Published in October 2023

Sand dam projects can play a key role in alleviating water shortages in rural communities, but they can also do so much more. Speaking with a member of the Gurdo community in Ethiopia, we hear about how achieving a reliable water source is helping people to thrive and develop their livelihoods without the burdens of water scarcity.

Buno Gori is a 29-year-old resident of Gurdo kebele (sub-district) in southern Ethiopia. She is married and is a mother to two children, a son and daughter. She is an agro-pastoralist whose livelihood is dependent on both livestock and crop production, like many others in the wider community.

Buno explains to us that, before the Gurdo sand dam project, she struggled to find enough water for herself and her family. Like many other women in the region, she would have to travel for long distances each day to fetch water. The journey could be very difficult and take hours to complete, leaving women like Buno with little time and energy for the rest of the day’s activities.

Despite making this tough journey on a daily basis, completing the task alone meant that women were not always able to fetch enough water to meet the needs of their families. Buno described this situation for us in more detail, sharing that, "After travelling for three hours, we could still only bring 20 litres of water on each trip. Our children would use this for drinking, whilst adults would have to travel to drink at the water source."

What water people could find was often dirty and could even carry waterborne diseases, yet they had little choice but to drink it and risk serious illness due to the lack of any alternative sources. In Buno’s own words, "We didn’t have an option other than dying of thirst".

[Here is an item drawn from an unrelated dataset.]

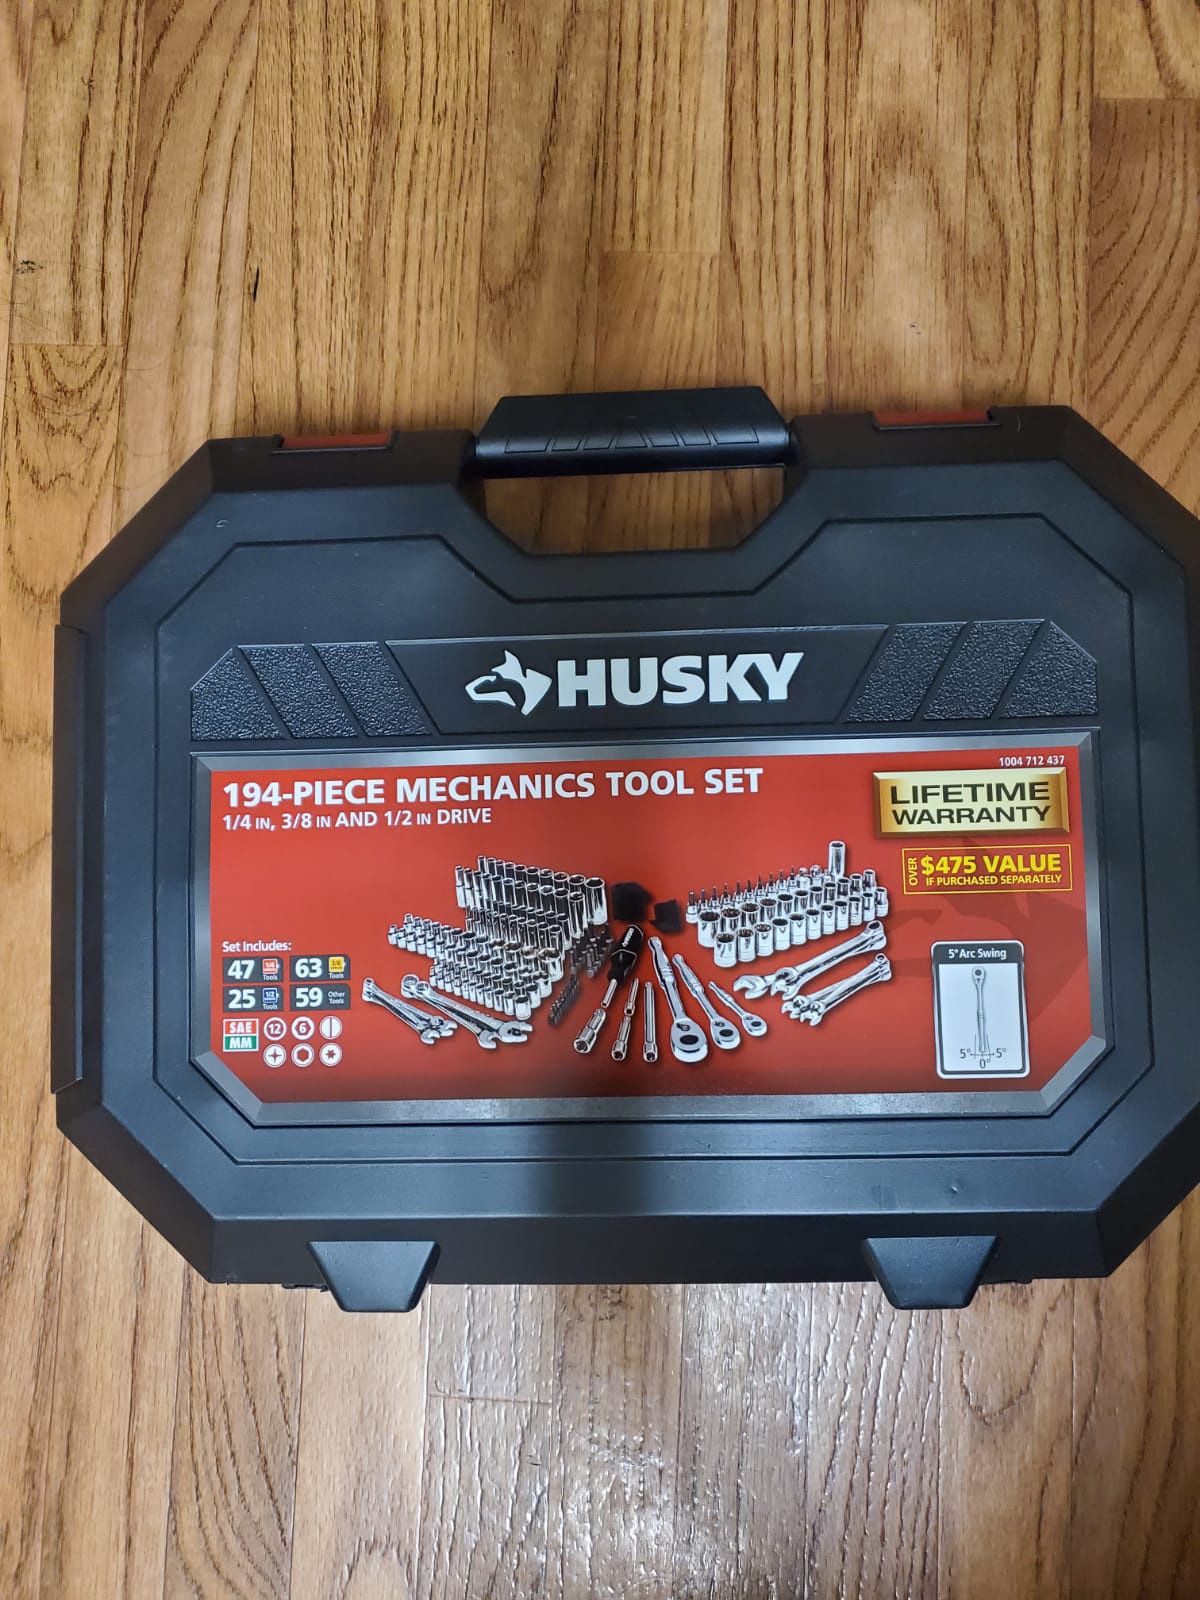 BRAND NEW, Husky Mechanics Tool Set (194-Piece)NUEVO

In the context of these great challenges, the Gurdo community were able to construct a sand dam with the support of Action For Development (AFD), Sand Dams Worldwide (SDW) and funding from Jersey Overseas Aid, Isle of Man Government and the Beatrice Laing Trust, providing themselves with a supply of clean water that they could use for drinking, watering livestock, and cultivating crops on their farms.

On top of supporting with the sand dam’s construction, AFD also provided training for community members in conservation agriculture and WASH (water, sanitation and hygiene), helping them to make the most of their new water source and minimise the spread of waterborne diseases. Buno even proudly declared that, "there is now no waterborne disease in my family". 

A key part of the sand dam project also involved supplying farmers with seedlings to grow more trees, such as mango, papaya and moringa trees. Being able to grow these new kinds of produce helps people to expand their farms, add variety to their diets, and regreen their environments with healthy vegetation.

Buno Gori - member of the Gurdo community - southern Ethiopia"The sand dam project has brought life to the community, not just for us but for our livestock and our crops too. Now I can fetch water from near my home and use it to grow new produce. In the coming days, I will sell my produce in the local market and use the money to expand my farm."

Buno Gori, member of the Gurdo community, southern Ethiopia.

Buno concludes our interview by stating that the Gurdo sand dam project has helped the community to become more resilient to their climate, by providing clean water and improving the productivity of their farming. She expresses her gratitude towards AFD and those who supported the project for the change it has brought to their lives.